COVID-19 | Vacina da Johnson é segura e eficaz contra casos graves

Por Nathan Vieira | 24 de Fevereiro de 2021 às 15h23
Alena Shekhovtcova/Pexels

Já estamos em uma nova etapa da corrida pelas vacinas, com vários dos imunizantes contra a COVID-19 sendo aplicados na população. No entanto, enquanto algumas das empresas já estão além da linha de chegada, a gigante farmacêutica Johnson & Johnson avança a passos sutis no desenvolvimento de sua vacina. Nesta quarta (24), a Food and Drug Administration, agência norte-americana que regula os medicamentos anunciou que a vacina em questão é segura, eficaz e evitou completamente as hospitalizações e mortes.

A vacina da Johnson & Johnson foi 85% eficaz na prevenção de doenças graves, e ofereceu 66% de proteção geral quando casos moderados foram incluídos. A revisão constatou que a eficácia da vacina contra COVID-19 grave foi igualmente alta nos Estados Unidos, África do Sul e Brasil.

Enquanto isso, a taxa de eficácia da vacina foi menor (42%) na prevenção de doenças moderadas a graves em idosos com mais de 60 anos que também apresentavam fatores de risco médicos. Mas os reguladores notaram que não houve mortes ou casos que exigissem intervenção médica um mês depois que os idosos receberam as vacinas. No geral, houve sete mortes no ensaio, todas no grupo que recebeu um placebo.

Vacina da gigante farmacêutica Johnson & Johnson passa por revisão realizada pela agência norte-americana Food and Drug Administration  (Imagem: Jubjang/Rawpixel)

Do ponto de vista dos especialistas, a essa altura a eficácia mais baixa não é motivo de grande preocupação, mas justifica mais estudos, considerando que a eficácia mais baixa parece impulsionada por adultos mais velhos com diabetes, por exemplo, e seria importante verificar se suas respostas imunológicas à vacina são mais baixas. Ainda assim, a menor eficácia entre adultos mais velhos de alto risco pode ser um tópico de discussão quando o painel de especialistas independentes da FDA se reunir nesta sexta-feira (26) para decidir se a vacina é aprovada nos EUA.

Os resultados da Johnson & Johnson destacam o desafio que as variantes representam para todas as vacinas. Também houve evidências preliminares de que a vacina pode proteger contra infecções assintomáticas, uma questão-chave sobre vacinas durante a pandemia. Exames de sangue de 2.650 participantes revelaram que, dois meses após a vacinação, 37 pessoas no grupo do placebo tinham marcadores no sangue de que haviam sido infectadas, apesar de não apresentarem sintomas, em comparação com apenas dez pessoas no grupo vacinado, o que sugere a vacina é 74% eficaz na prevenção desses casos assintomáticos.

A FDA, que na segunda-feira emitiu novas orientações aos fabricantes sobre como lidar com as variantes, planeja informar o comitê sobre a importância de se preparar para possíveis atualizações de vacinas.
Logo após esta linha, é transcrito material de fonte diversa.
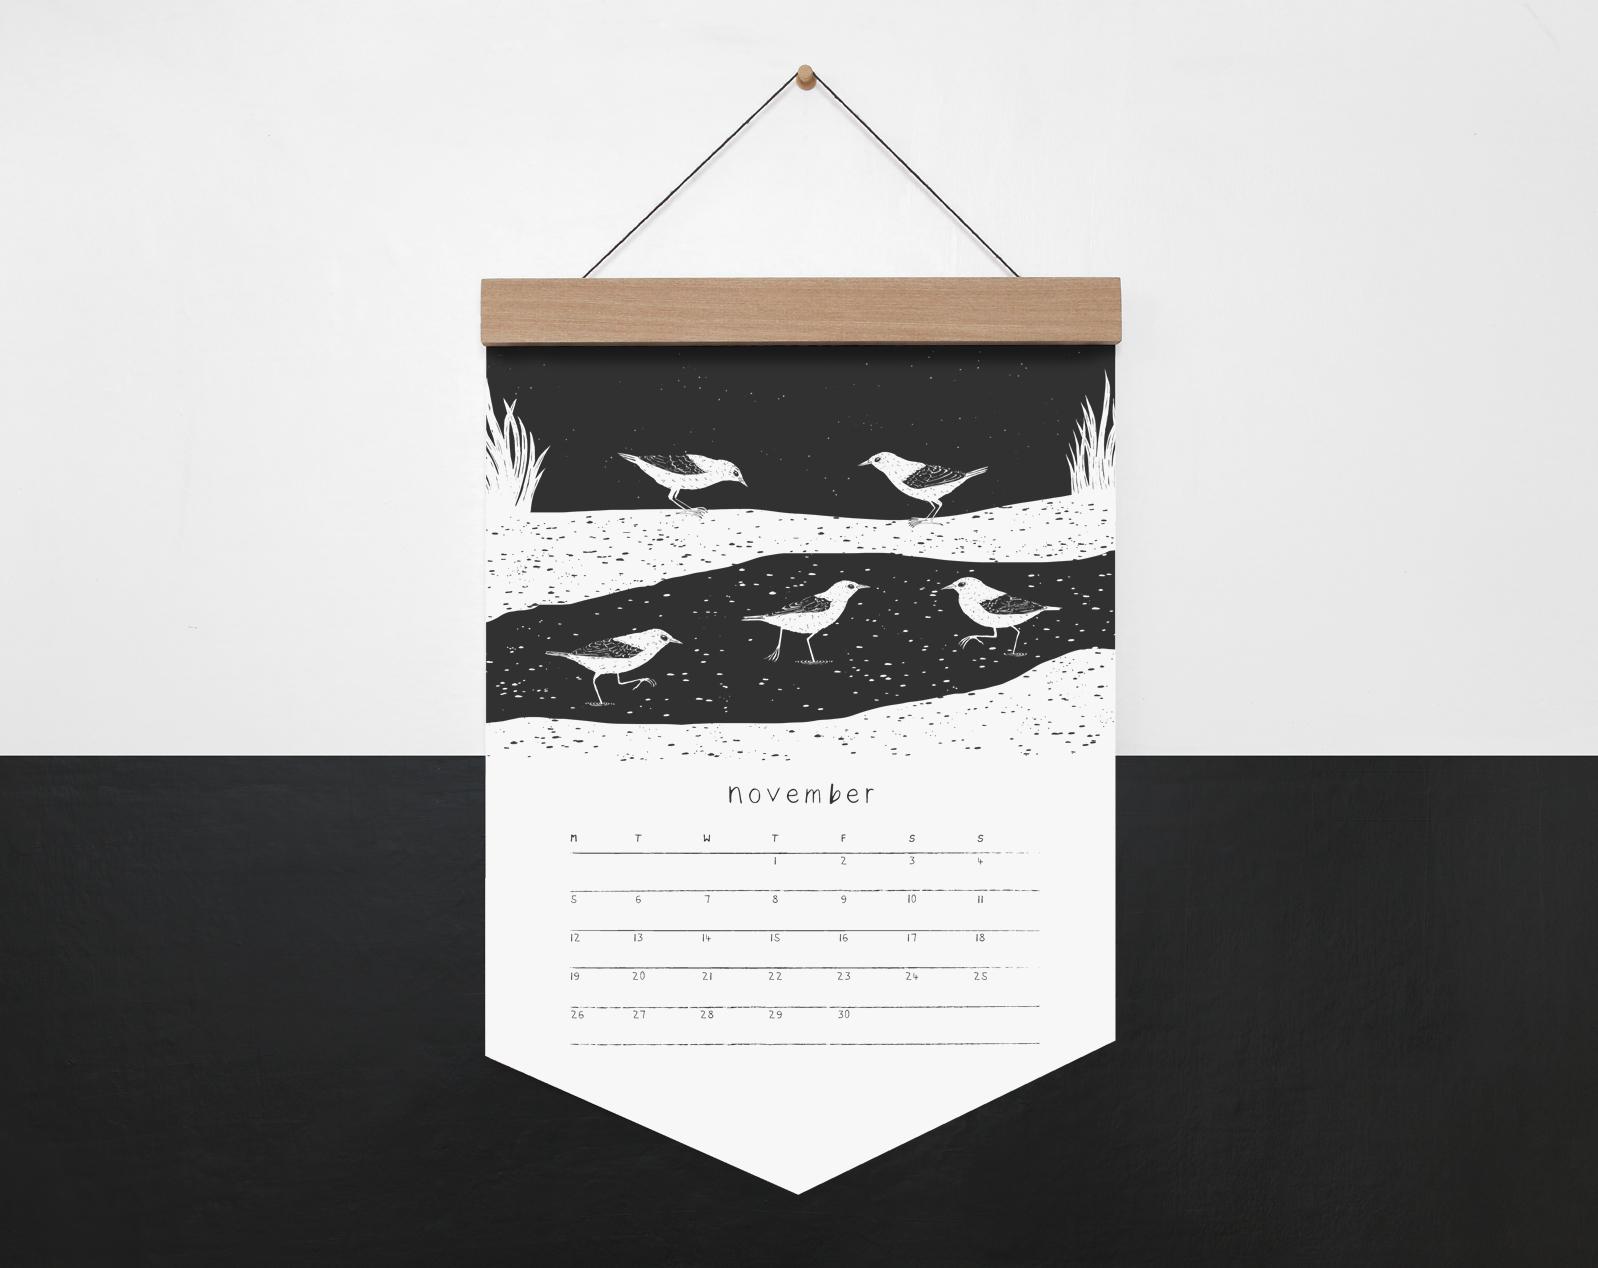 bird-plus-bird-a3-calendar-12.jpg

Para agilizar o processo de obtenção de autorização para vacinas modificadas, as empresas serão capazes de apresentar estudos menores testando as respostas imunológicas nos corpos das pessoas, em vez de grandes ensaios. Com isso, vários fabricantes, incluindo a Johnson & Johnson, estão estudando possíveis modificações em suas vacinas para conter variantes como as detectadas pela primeira vez no Reino Unido e na África do Sul.

A vacina da Johnson & Johnson é segura?

Food and Drug Administration aponta a vacina da Johnson & Johnson como segura durante revisão; especialistas se reunem na sexta para definir futuro (Imagem: Thirdman/Pexels)

Segundo a revisão feita pela FDA, a vacina parece ter atendido aos critérios de segurança e eficácia definidos pela agência (eficácia de pelo menos 50% e dados de segurança de acompanhamento de dois meses). O órgão descreveu a vacina como tendo um “perfil de segurança favorável”, com os efeitos colaterais mais comuns incluindo dor no local da injeção, dor de cabeça e fadiga. Apenas um paciente teve um “evento sério de reação de hipersensibilidade", uma reação alérgica dois dias após a vacinação.

Se uma autorização de uso de emergência for concedida, cerca de 2 milhões de doses estarão disponíveis para envio a partir da próxima semana para os EUA, mas o fornecimento aumentará para 20 milhões de doses até o final de março. Quanto ao Brasil, nada foi comprado por enquanto.